Data items:
========
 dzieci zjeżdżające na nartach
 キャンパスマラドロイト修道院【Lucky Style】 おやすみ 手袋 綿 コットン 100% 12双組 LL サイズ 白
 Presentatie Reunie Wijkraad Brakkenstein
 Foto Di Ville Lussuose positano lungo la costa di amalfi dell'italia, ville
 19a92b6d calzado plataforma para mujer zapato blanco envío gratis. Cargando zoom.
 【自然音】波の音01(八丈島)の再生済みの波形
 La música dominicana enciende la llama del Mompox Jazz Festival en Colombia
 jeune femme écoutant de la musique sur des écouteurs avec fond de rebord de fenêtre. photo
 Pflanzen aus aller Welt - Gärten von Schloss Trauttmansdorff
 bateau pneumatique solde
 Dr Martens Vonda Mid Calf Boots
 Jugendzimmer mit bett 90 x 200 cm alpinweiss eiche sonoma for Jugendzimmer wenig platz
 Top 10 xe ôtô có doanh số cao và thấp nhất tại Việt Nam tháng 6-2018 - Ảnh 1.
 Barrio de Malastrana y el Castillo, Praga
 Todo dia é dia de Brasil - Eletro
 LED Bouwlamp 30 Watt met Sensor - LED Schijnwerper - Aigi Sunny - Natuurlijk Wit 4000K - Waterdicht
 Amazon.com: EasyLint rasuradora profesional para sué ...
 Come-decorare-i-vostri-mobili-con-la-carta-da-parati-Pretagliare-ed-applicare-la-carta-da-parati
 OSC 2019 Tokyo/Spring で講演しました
========
*WHAT NEEDS TO BE DONE:* Please copy the line that contains "Dr Martens Vonda Mid Calf Boots" and each line after it through the end of the records, exactly, and no other lines.

*ANSWER AREA:*
 Dr Martens Vonda Mid Calf Boots
 Jugendzimmer mit bett 90 x 200 cm alpinweiss eiche sonoma for Jugendzimmer wenig platz
 Top 10 xe ôtô có doanh số cao và thấp nhất tại Việt Nam tháng 6-2018 - Ảnh 1.
 Barrio de Malastrana y el Castillo, Praga
 Todo dia é dia de Brasil - Eletro
 LED Bouwlamp 30 Watt met Sensor - LED Schijnwerper - Aigi Sunny - Natuurlijk Wit 4000K - Waterdicht
 Amazon.com: EasyLint rasuradora profesional para sué ...
 Come-decorare-i-vostri-mobili-con-la-carta-da-parati-Pretagliare-ed-applicare-la-carta-da-parati
 OSC 2019 Tokyo/Spring で講演しました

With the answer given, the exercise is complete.